** EXERCISE DATA **
□ □ □ □ □ □ □
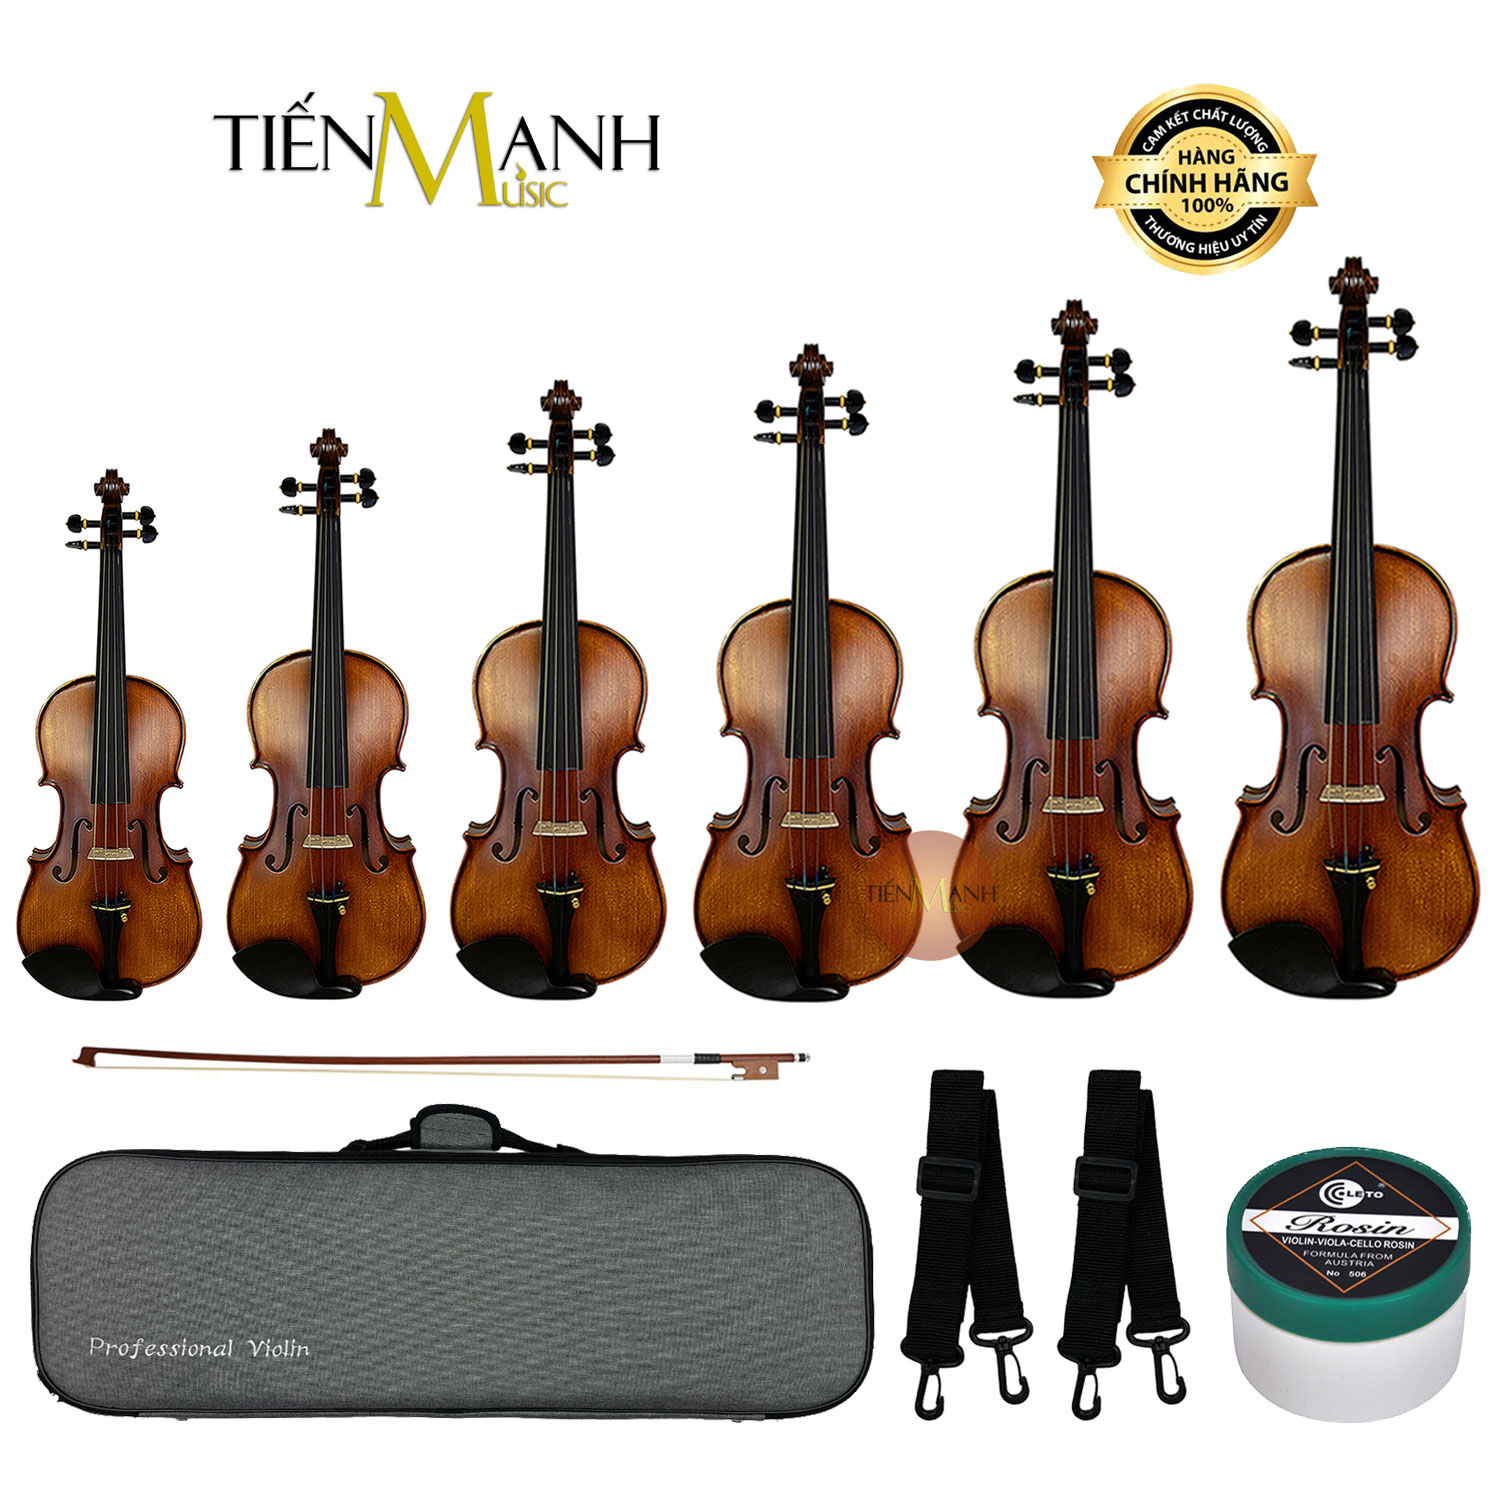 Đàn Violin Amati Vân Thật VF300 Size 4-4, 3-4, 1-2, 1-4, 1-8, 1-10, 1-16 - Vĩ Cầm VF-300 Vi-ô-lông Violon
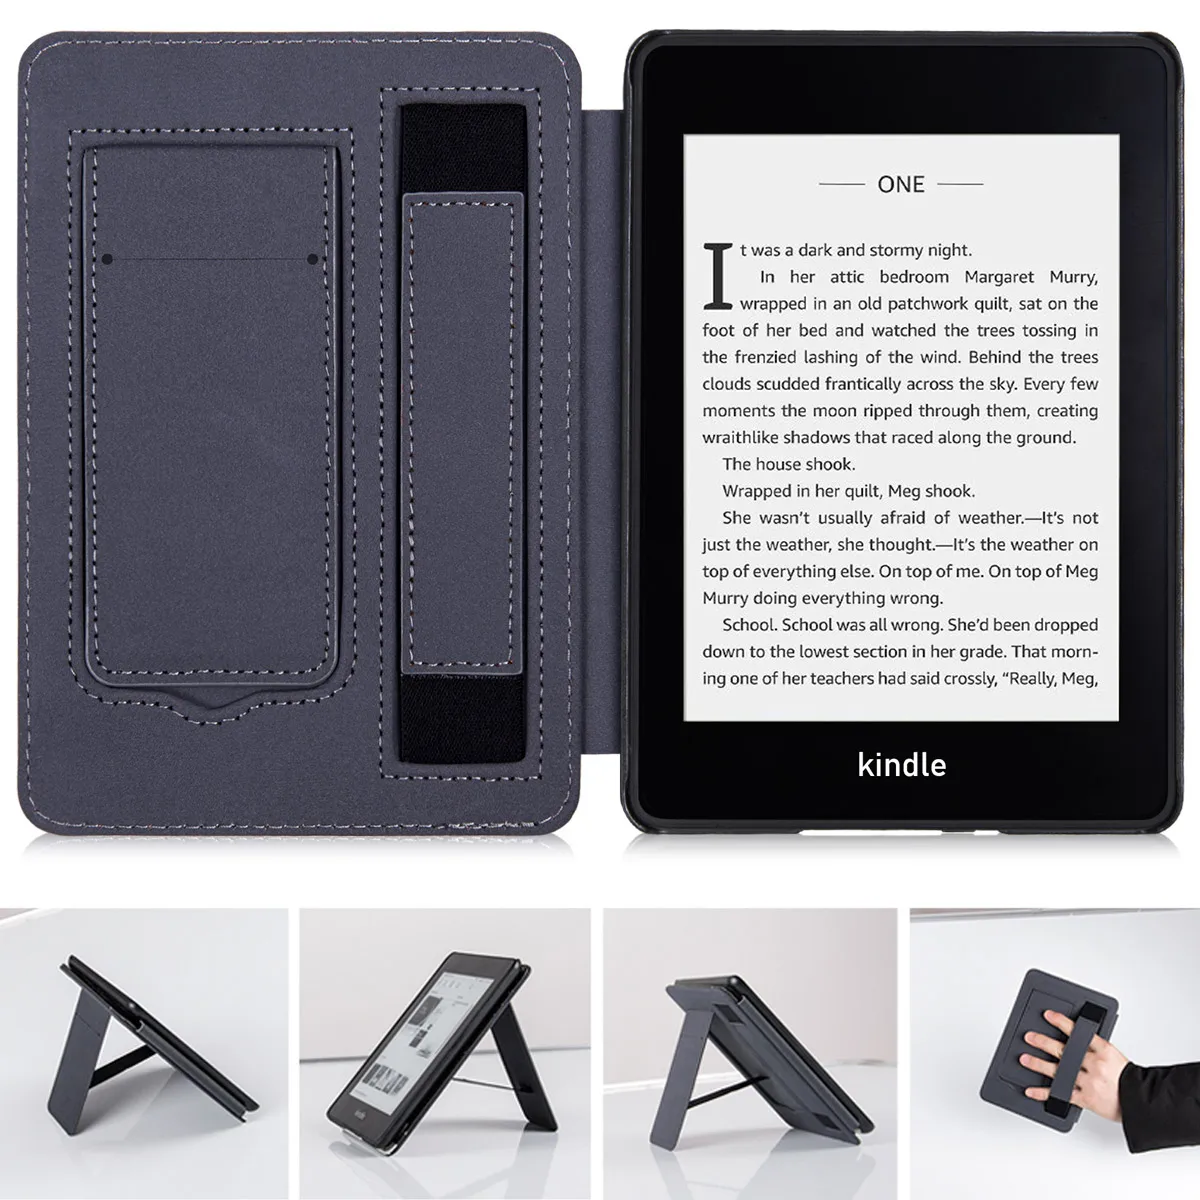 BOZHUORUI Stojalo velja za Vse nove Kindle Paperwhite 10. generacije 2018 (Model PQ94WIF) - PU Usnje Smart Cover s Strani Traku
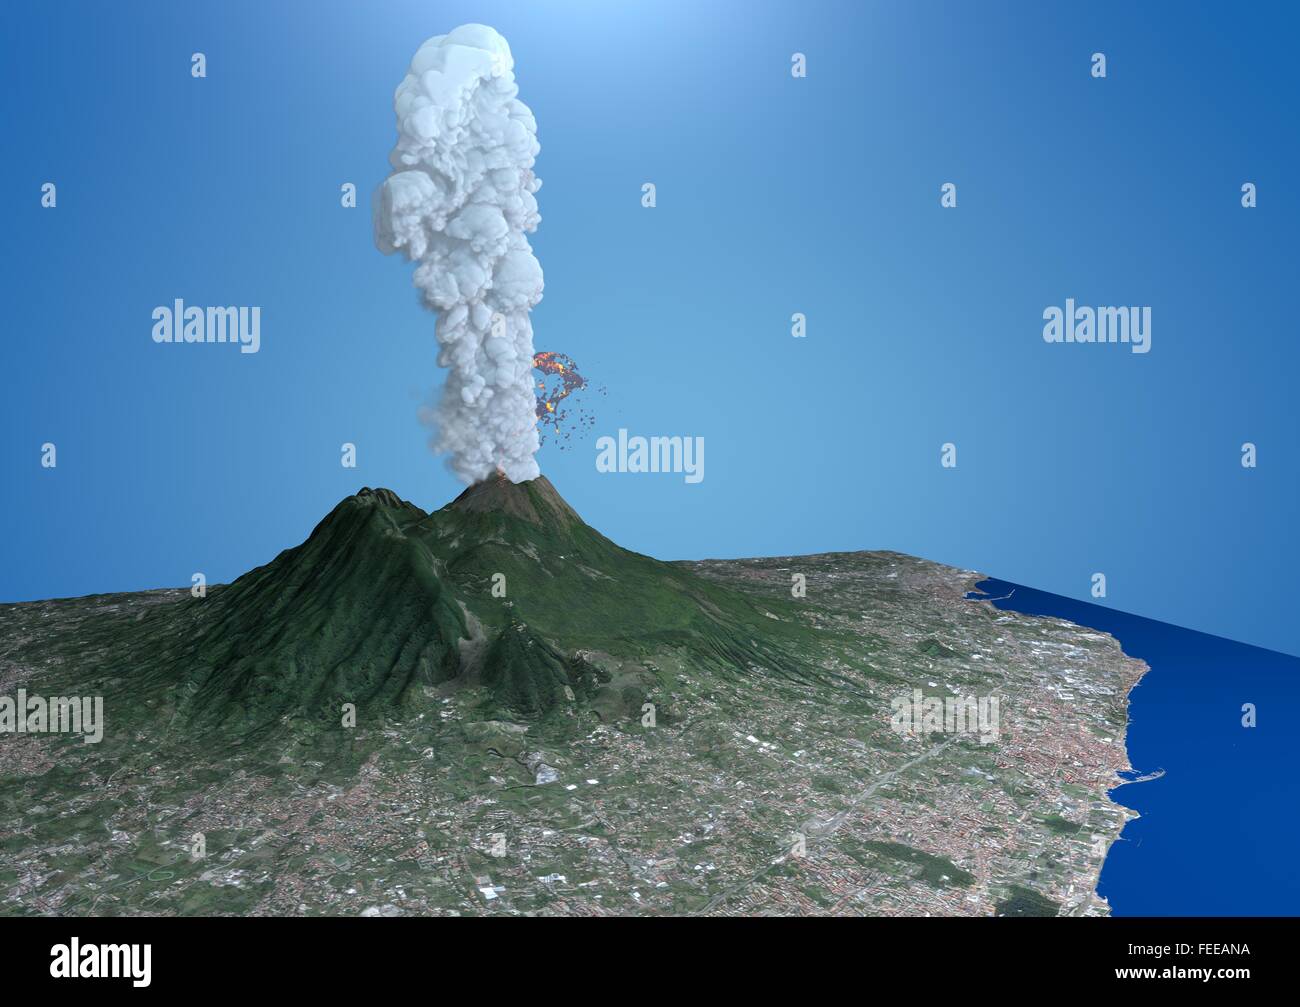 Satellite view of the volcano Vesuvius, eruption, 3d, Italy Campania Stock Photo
□ □ □ □ □ □ □
** WHAT IS REQUIRED **
In the answer, the data should reappear exactly, with no pictures.

** RESPONSE **
 Đàn Violin Amati Vân Thật VF300 Size 4-4, 3-4, 1-2, 1-4, 1-8, 1-10, 1-16 - Vĩ Cầm VF-300 Vi-ô-lông Violon
 BOZHUORUI Stojalo velja za Vse nove Kindle Paperwhite 10. generacije 2018 (Model PQ94WIF) - PU Usnje Smart Cover s Strani Traku
 Satellite view of the volcano Vesuvius, eruption, 3d, Italy Campania Stock Photo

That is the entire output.